What to work on. Beginning with the line that contains "1 x Stainless", repeat each line exactly through the end of the listing below. Pictures stay out.

Segment Start: Data excerpt

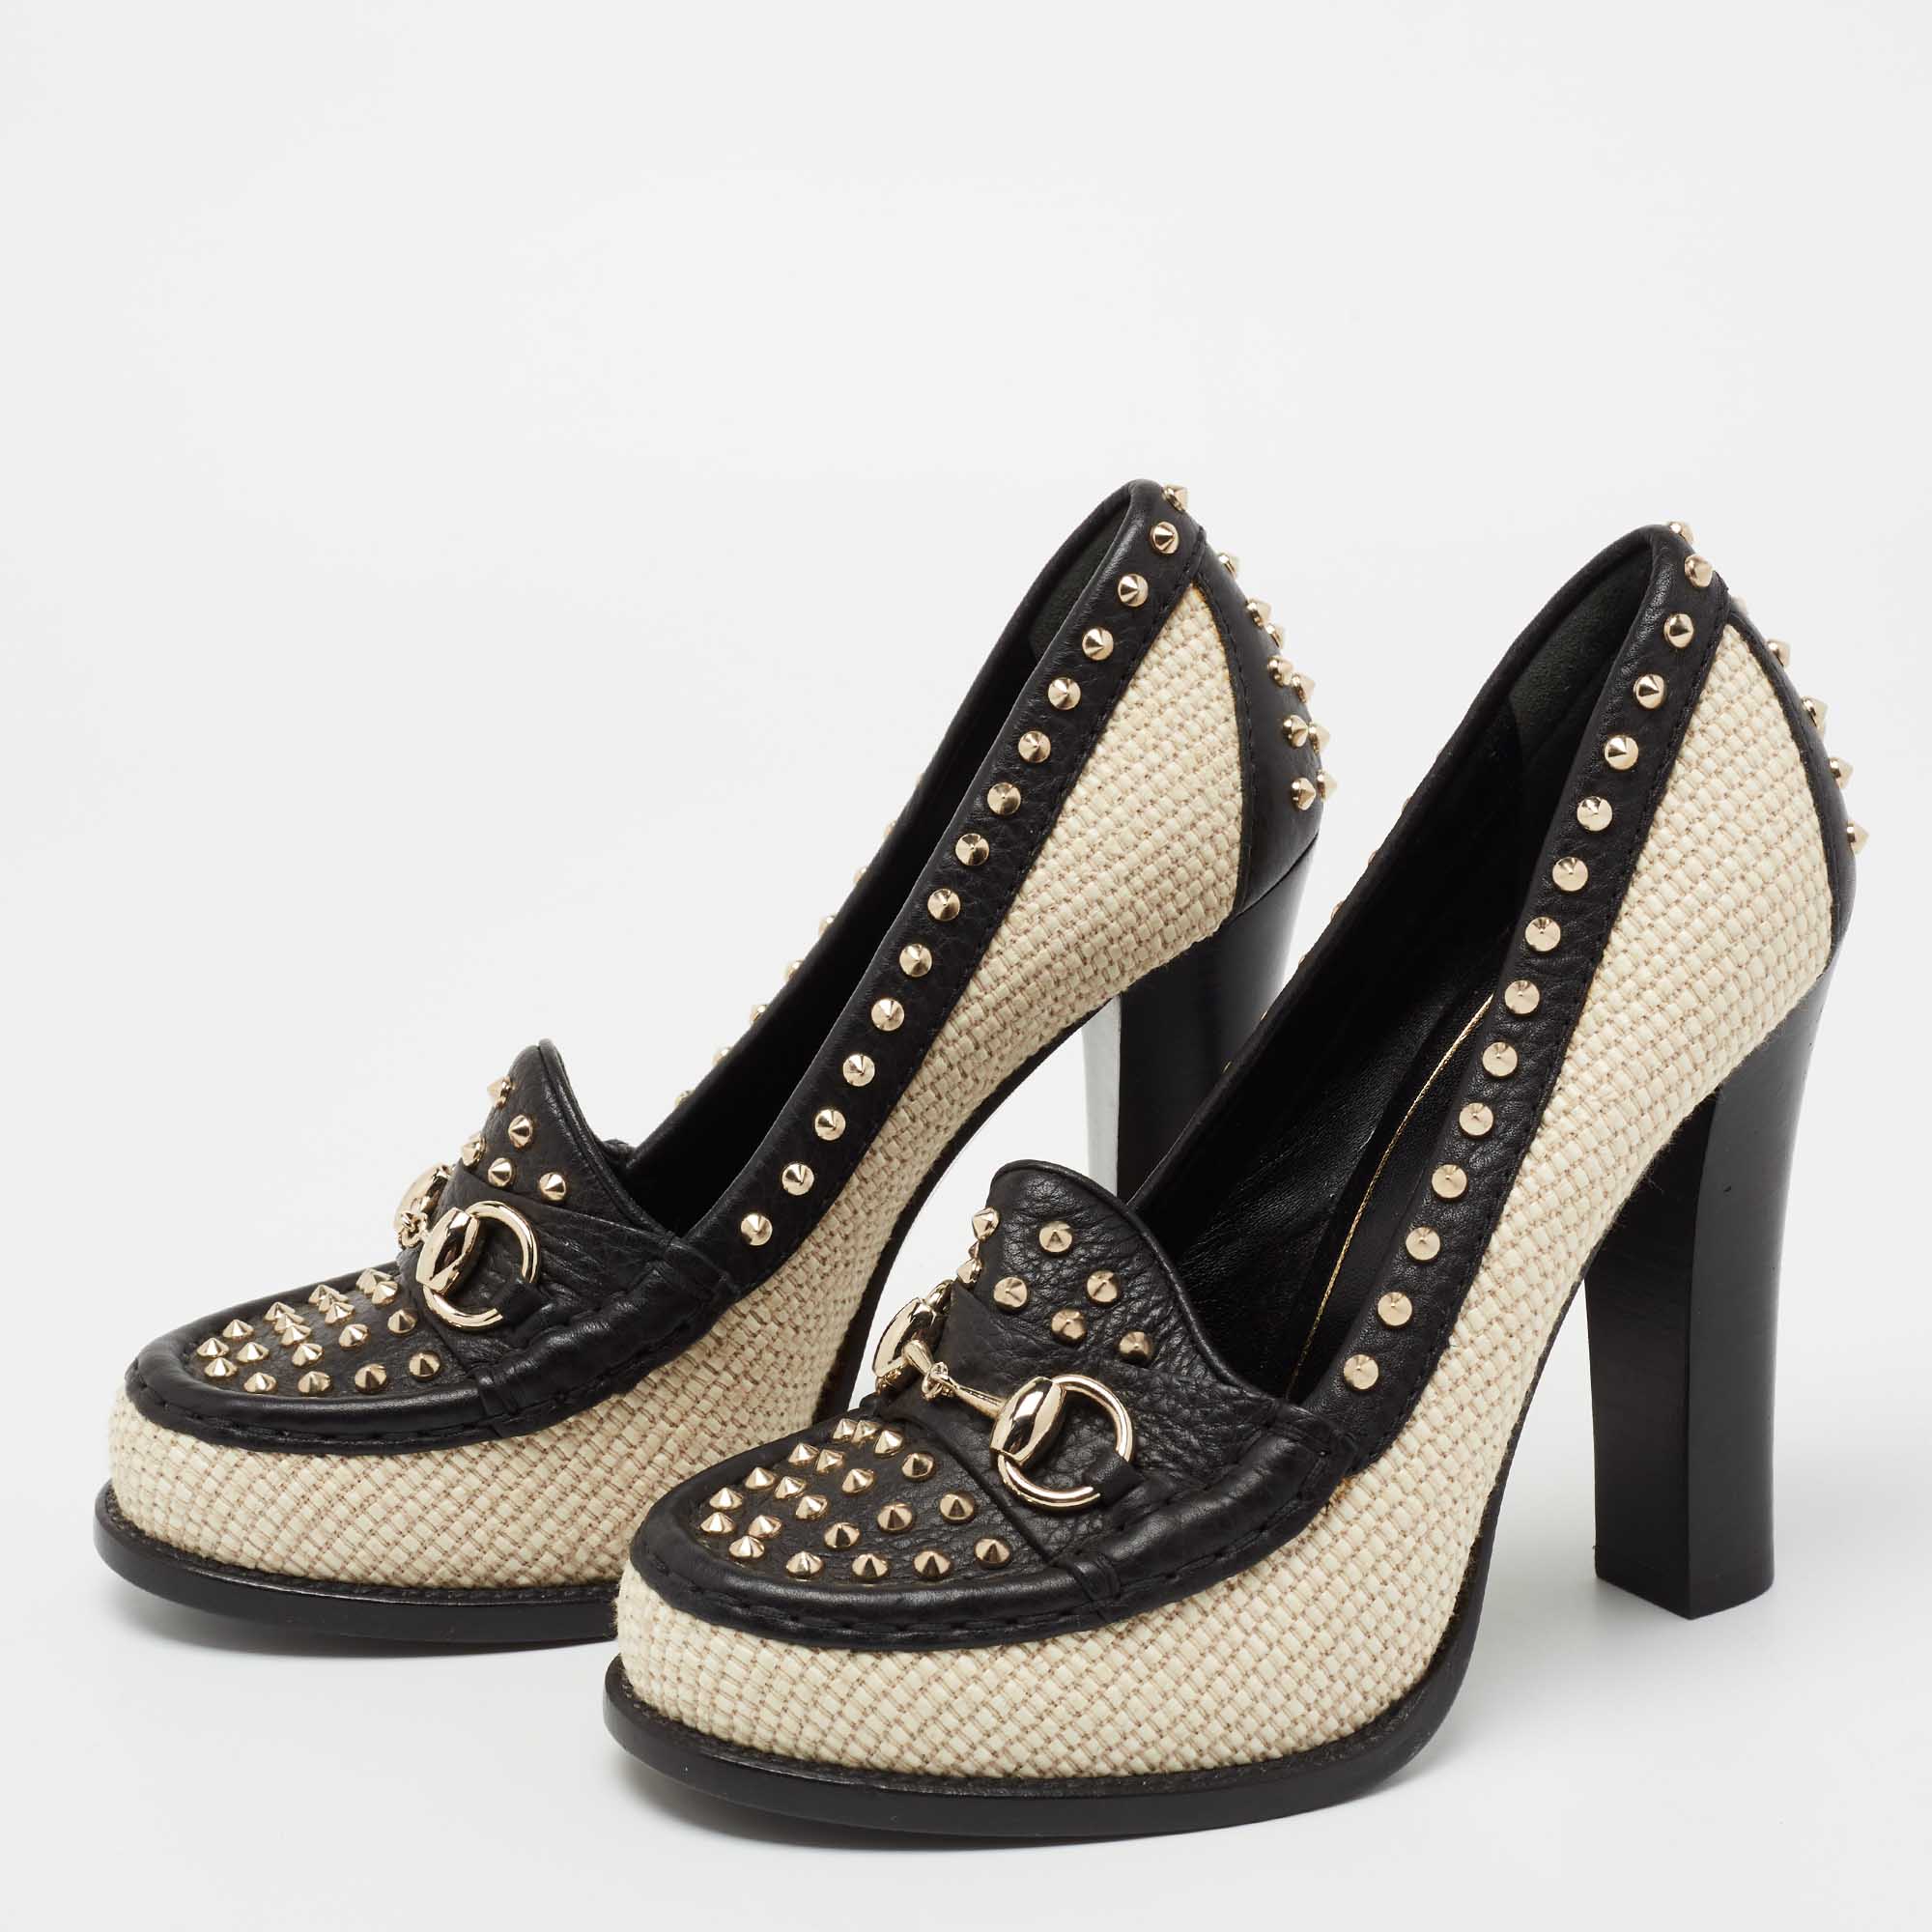 

Gucci Black/Cream Leather and Straw Studded Horsebit Alyssa Loafer Pumps Size
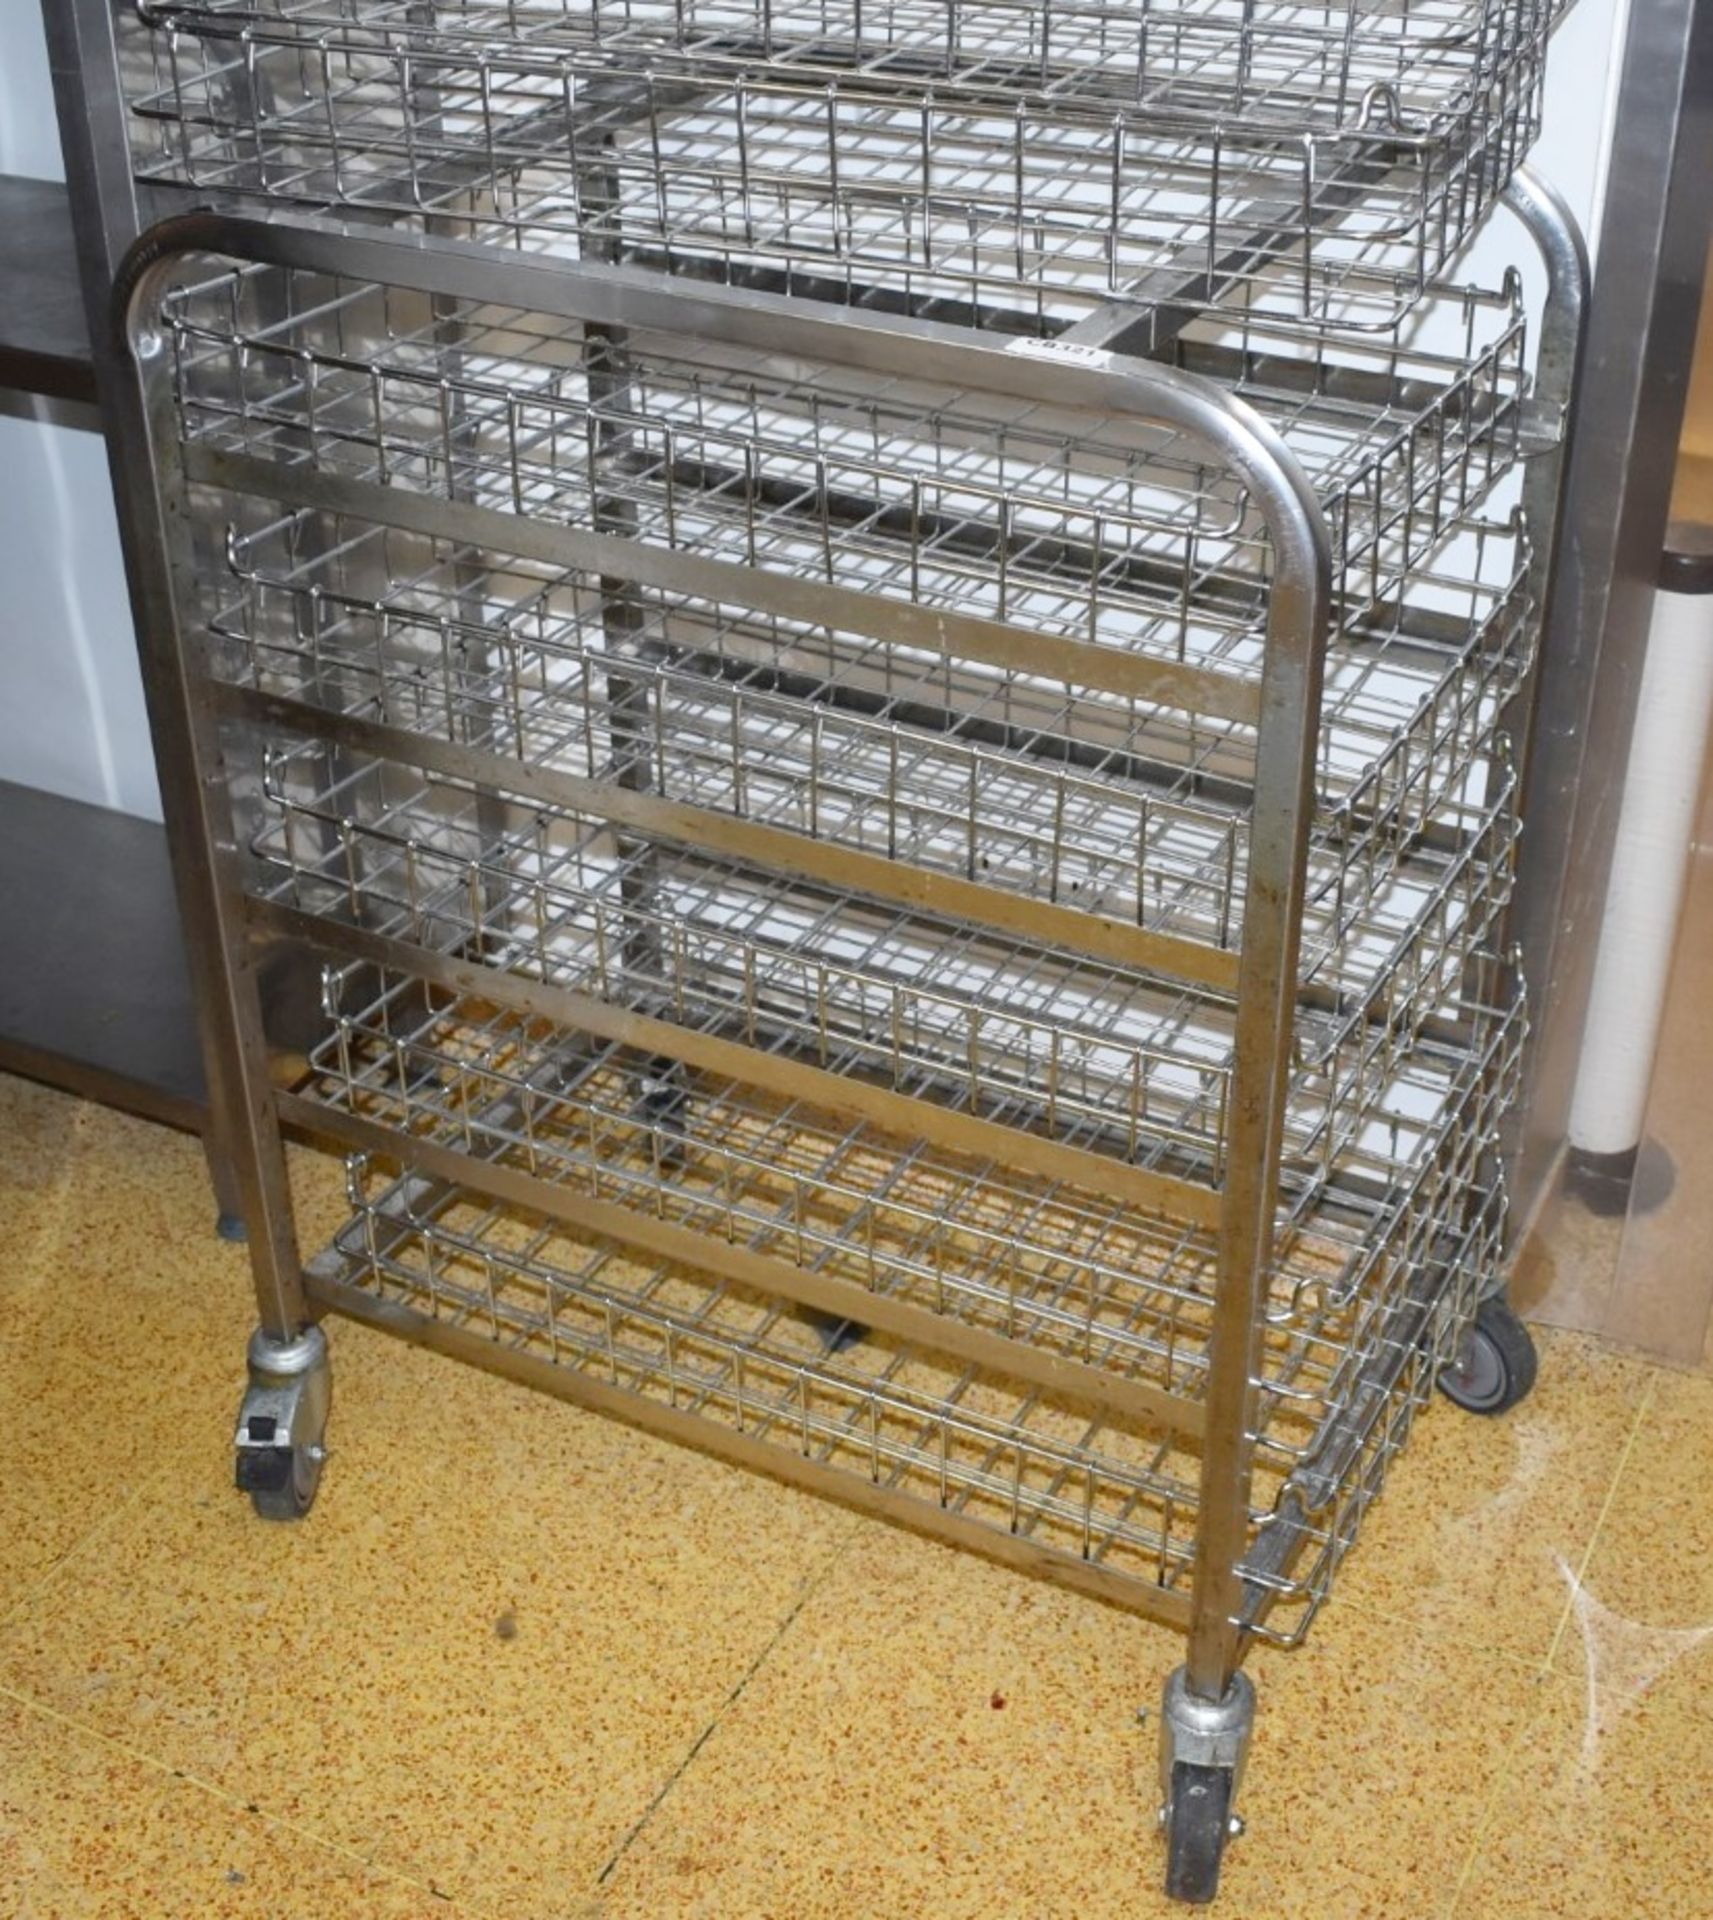 1 x Stainless Steel Basket Trolley With Lockable Castor Wheels and Five Chrome Wire Baskets - H100 x
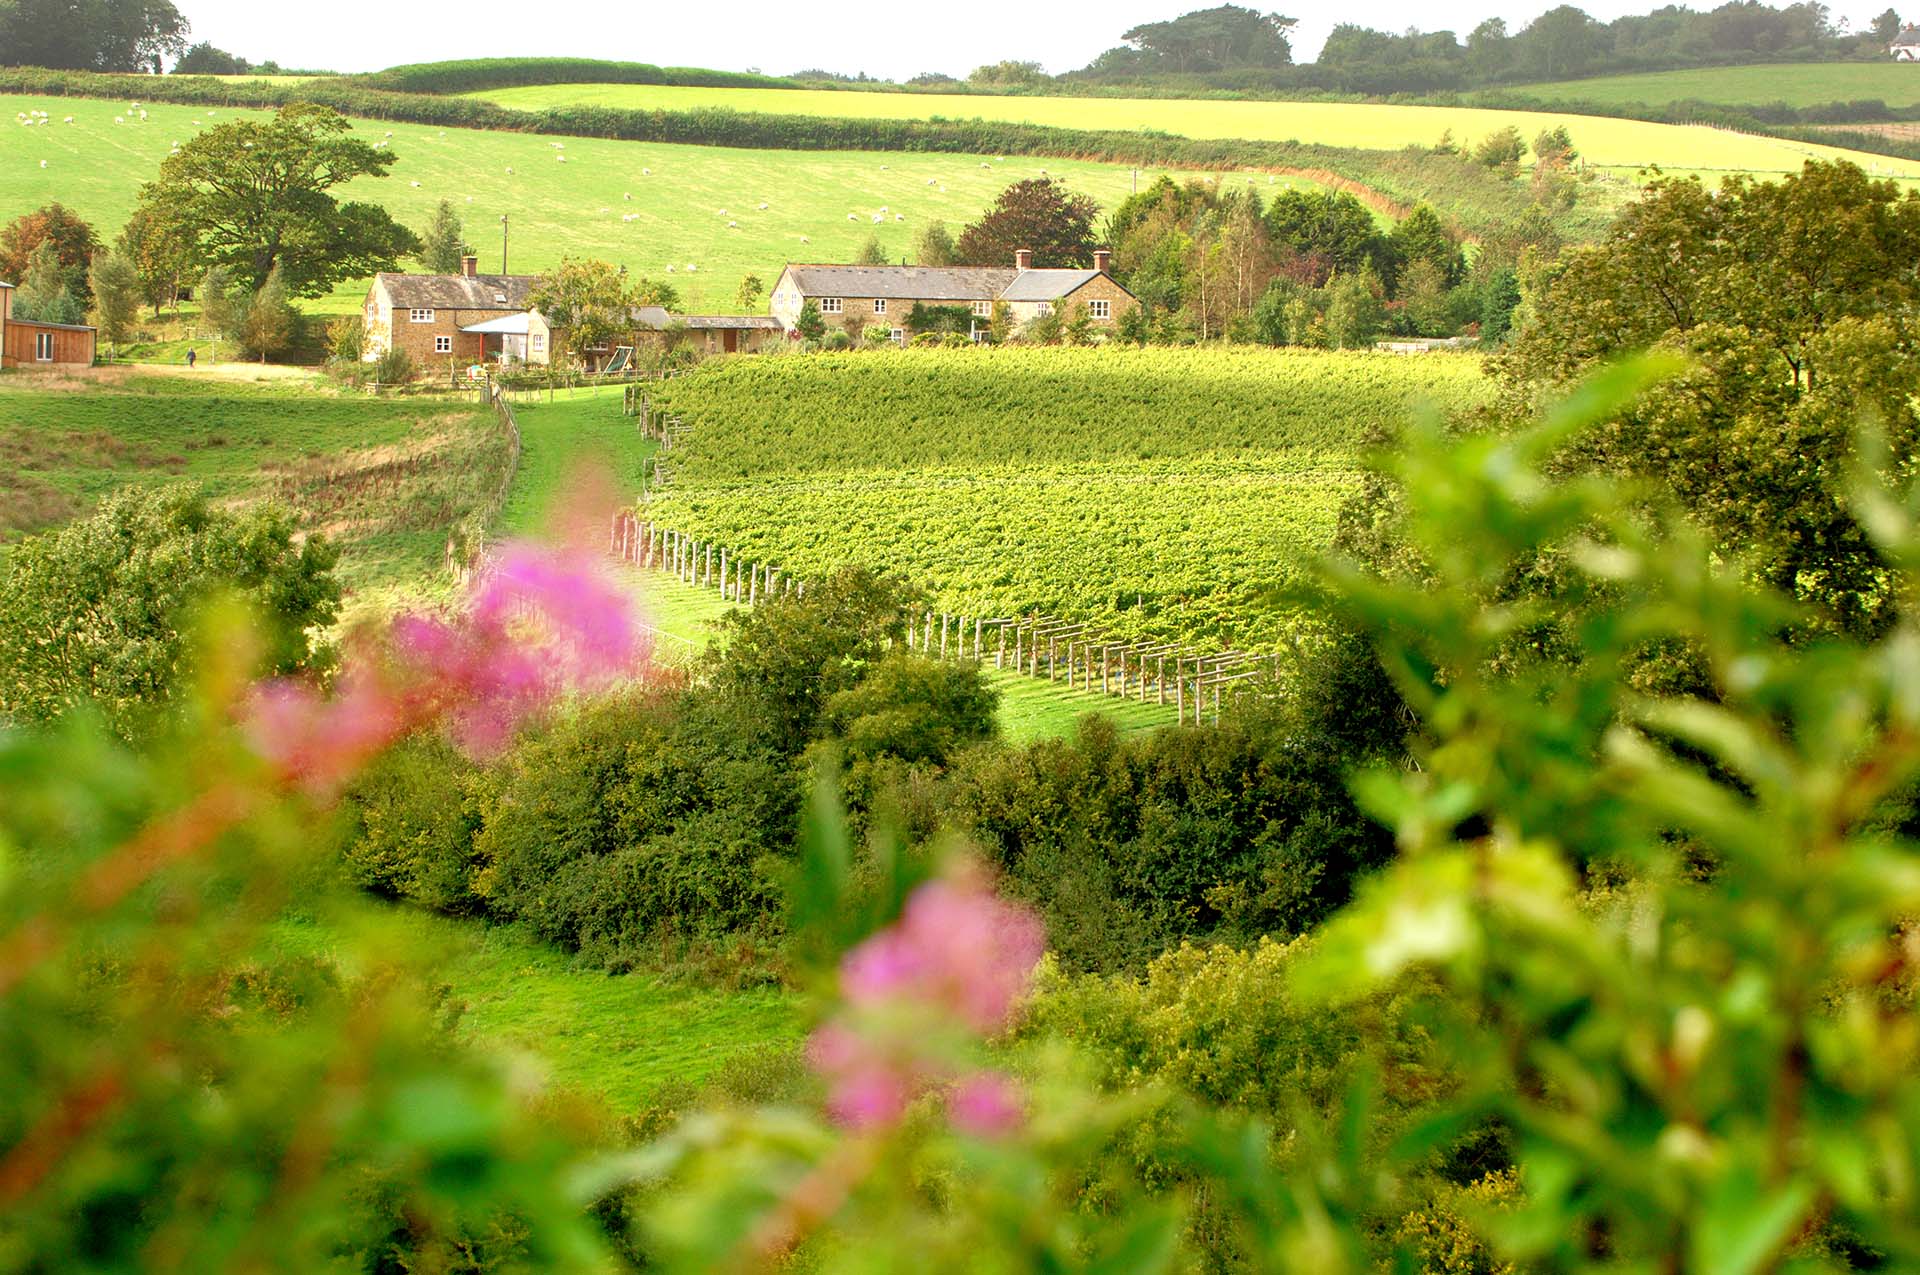 Vista shot of flowers in foreground, vineyards in midground and Furleigh Estate premises in background

Segment End: Data excerpt

Exercise result.
 1 x Stainless Steel Basket Trolley With Lockable Castor Wheels and Five Chrome Wire Baskets - H100 x
 Vista shot of flowers in foreground, vineyards in midground and Furleigh Estate premises in background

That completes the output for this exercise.